Coresets for Data Discretization and Sine Wave Fitting
This provides an efficient solution for real-time monitoring applications like GPS or health tracking, though it is incremental as it extends known coreset techniques to sine wave fitting.
The paper tackles the problem of approximating an unbounded stream of integers with a single sine wave for anomaly detection, proving that a small weighted subset (coreset) of size O(log(N)^{O(1)}) can approximate the cost function with a multiplicative error of 1±ε for any ε>0, leading to streaming algorithms with O((log(N)log(n))^{O(1)}) memory usage.
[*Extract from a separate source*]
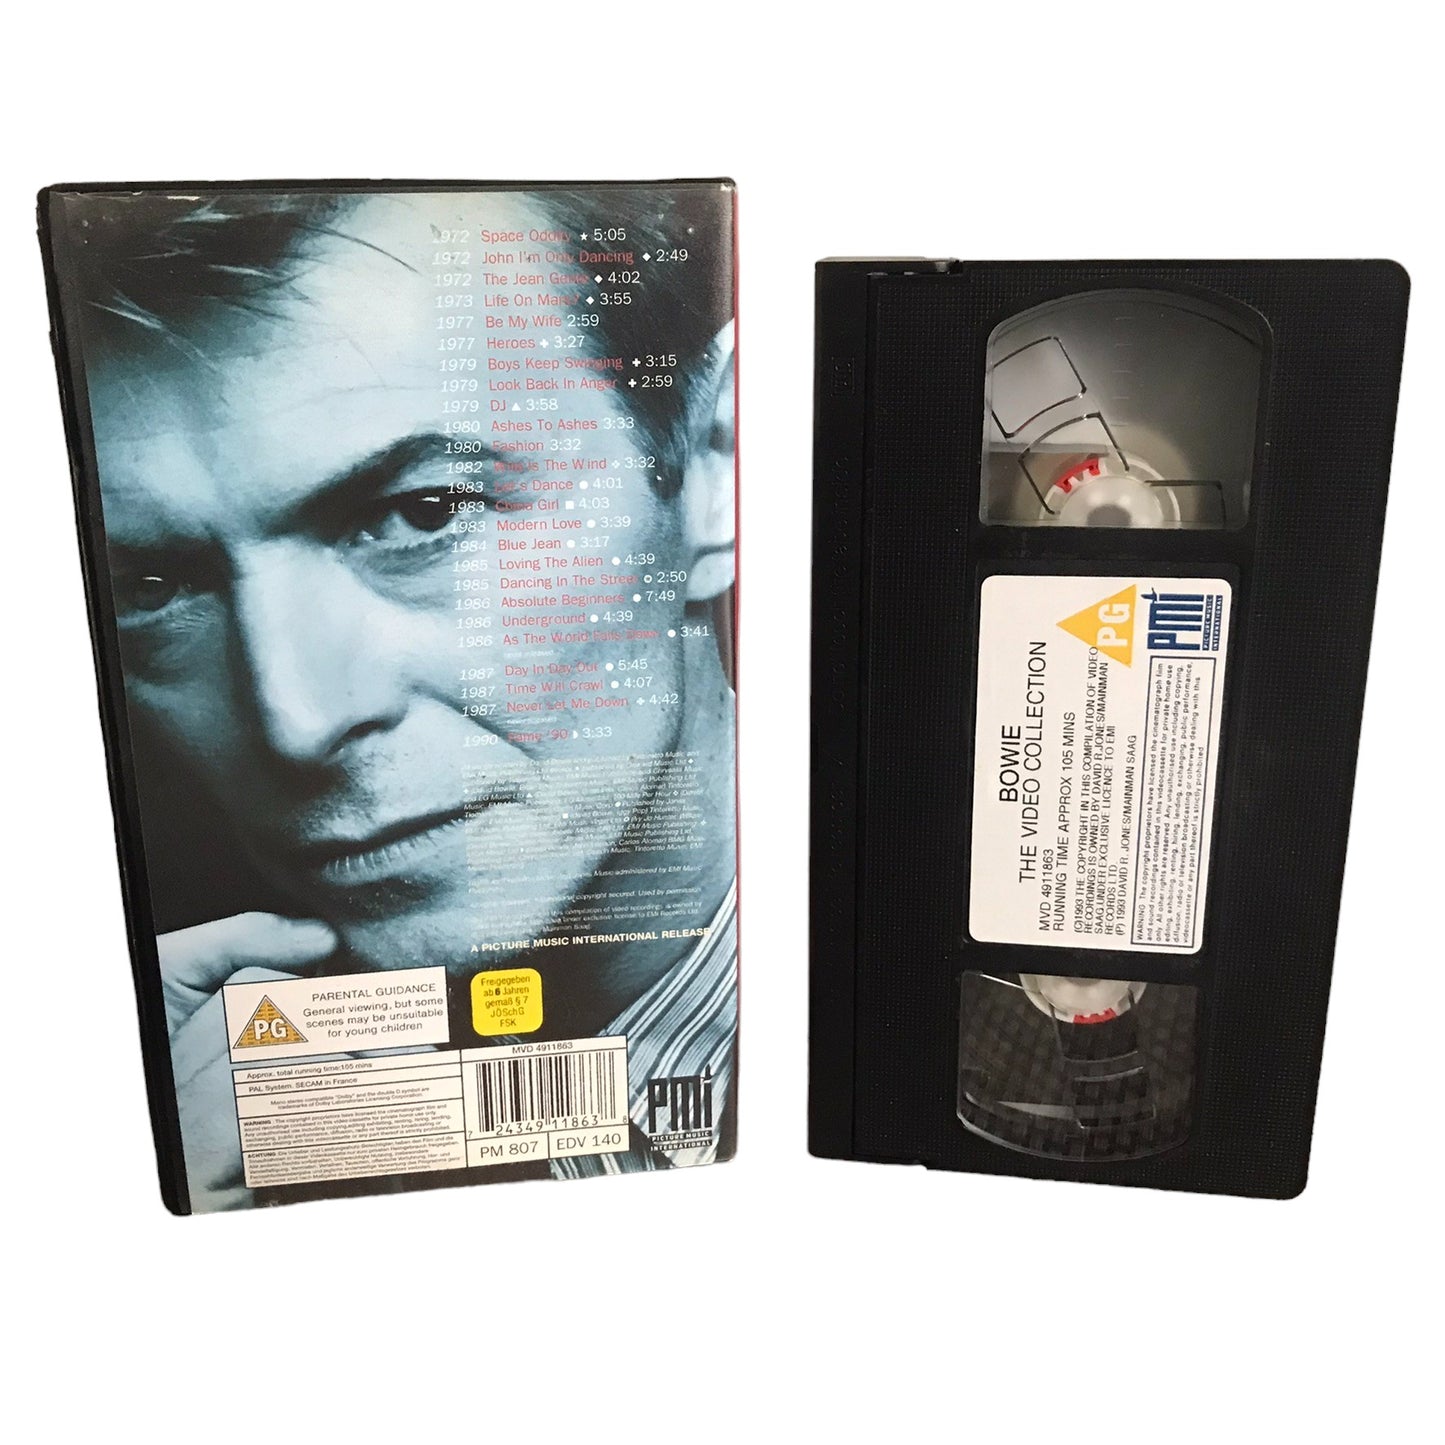 Bowie The Video Collection - Steven Berkoff - PMI - Music - Pal - VHS-

In the \emph{monitoring} problem, the input is an unbounded stream $P={p_1,p_2\cdots}$ of integers in $[N]:=\{1,\cdots,N\}$, that are obtained from a sensor (such as GPS or heart beats of a human). The goal (e.g., for anomaly detection) is to approximate the $n$ points received so far in $P$ by a single frequency $\sin$, e.g. $\min_{c\in C}cost(P,c)+λ(c)$, where $cost(P,c)=\sum_{i=1}^n \sin^2(\frac{2π}{N} p_ic)$, $C\subseteq [N]$ is a feasible set of solutions, and $λ$ is a given regularization function. For any approximation error $\varepsilon>0$, we prove that \emph{every} set $P$ of $n$ integers has a weighted subset $S\subseteq P$ (sometimes called core-set) of cardinality $|S|\in O(\log(N)^{O(1)})$ that approximates $cost(P,c)$ (for every $c\in [N]$) up to a multiplicative factor of $1\pm\varepsilon$. Using known coreset techniques, this implies streaming algorithms using only $O((\log(N)\log(n))^{O(1)})$ memory. Our results hold for a large family of functions. Experimental results and open source code are provided.